> [DATA FOR THIS TASK]
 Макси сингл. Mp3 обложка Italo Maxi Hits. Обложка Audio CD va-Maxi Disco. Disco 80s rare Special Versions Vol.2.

---

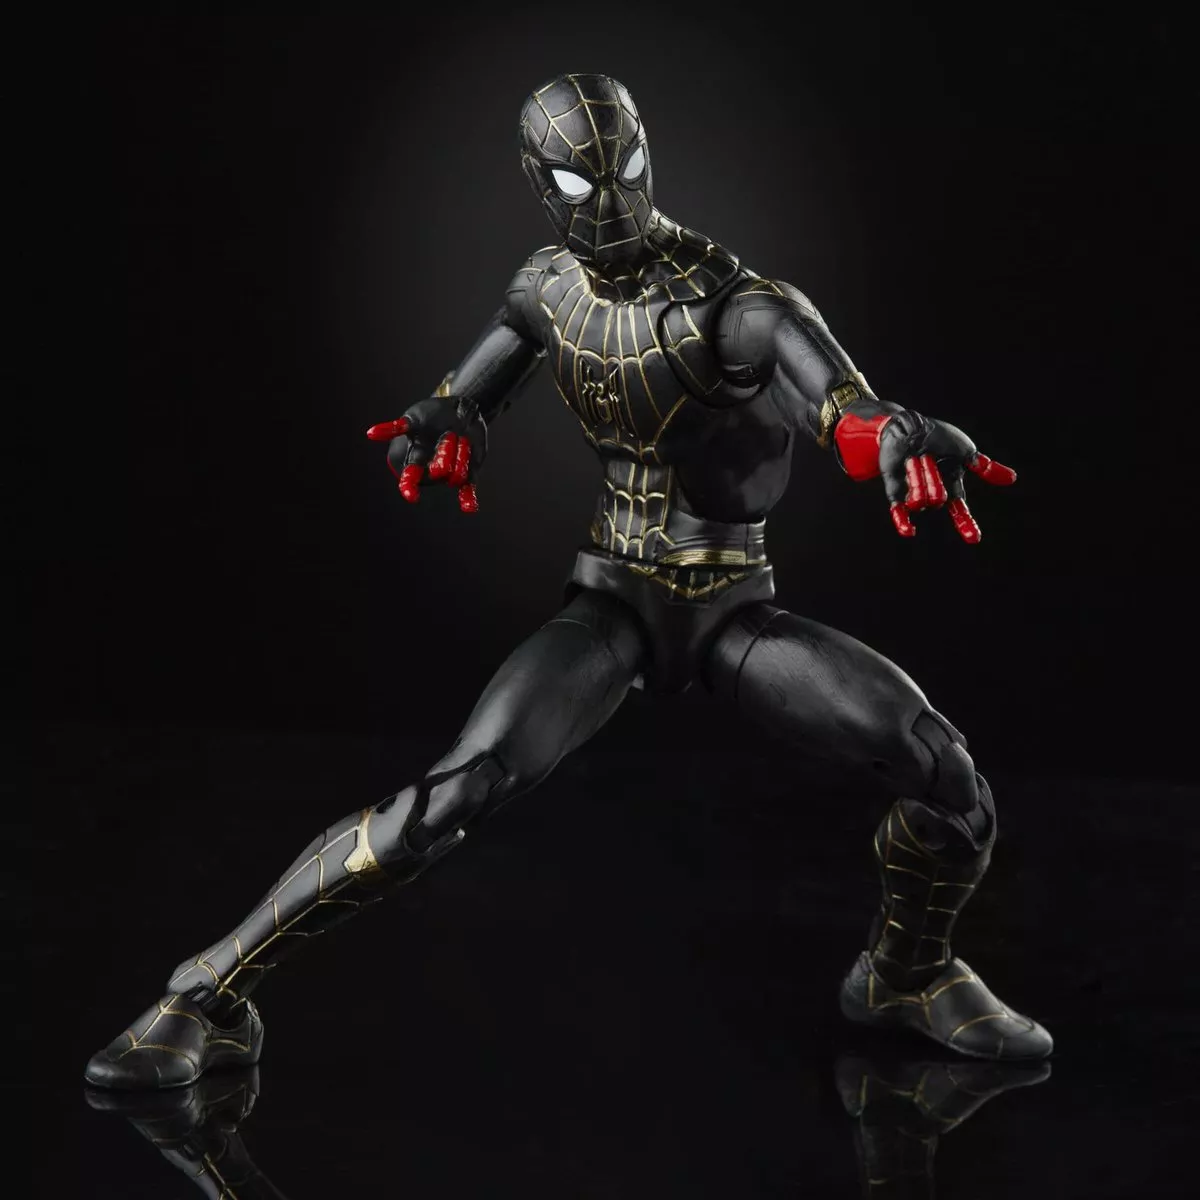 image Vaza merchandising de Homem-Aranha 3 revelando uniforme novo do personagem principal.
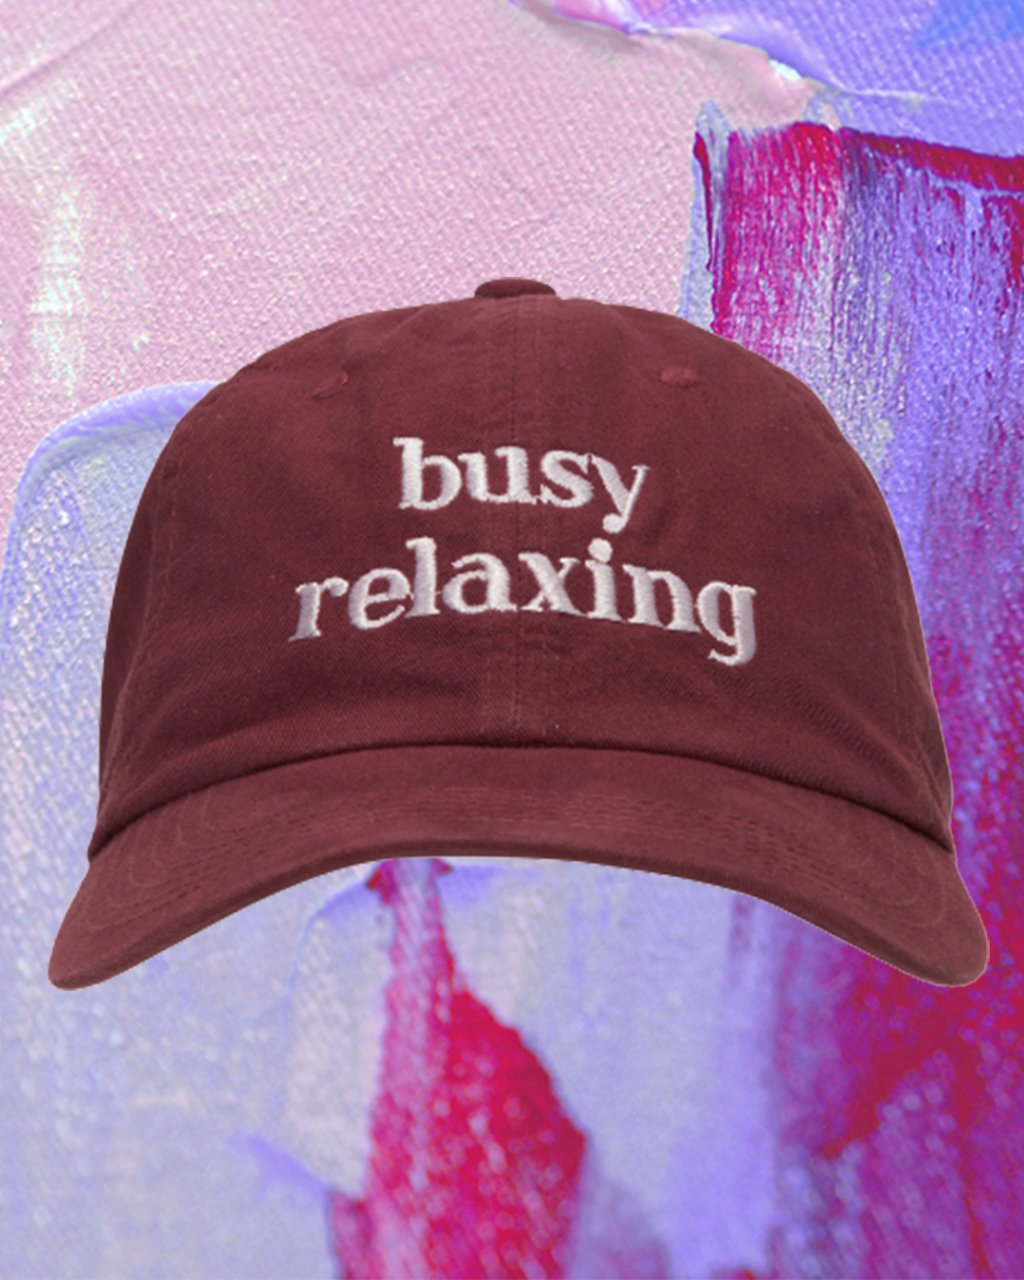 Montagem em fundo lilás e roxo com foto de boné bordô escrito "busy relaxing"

> [ACTIVITY] Range to copy from the listing above: the line with "image Vaza merchandising" through the line with "Montagem em fundo". Transcribe it exactly and skip the pictures.

> [RESPONSE BELOW]
 image Vaza merchandising de Homem-Aranha 3 revelando uniforme novo do personagem principal.
 Montagem em fundo lilás e roxo com foto de boné bordô escrito "busy relaxing"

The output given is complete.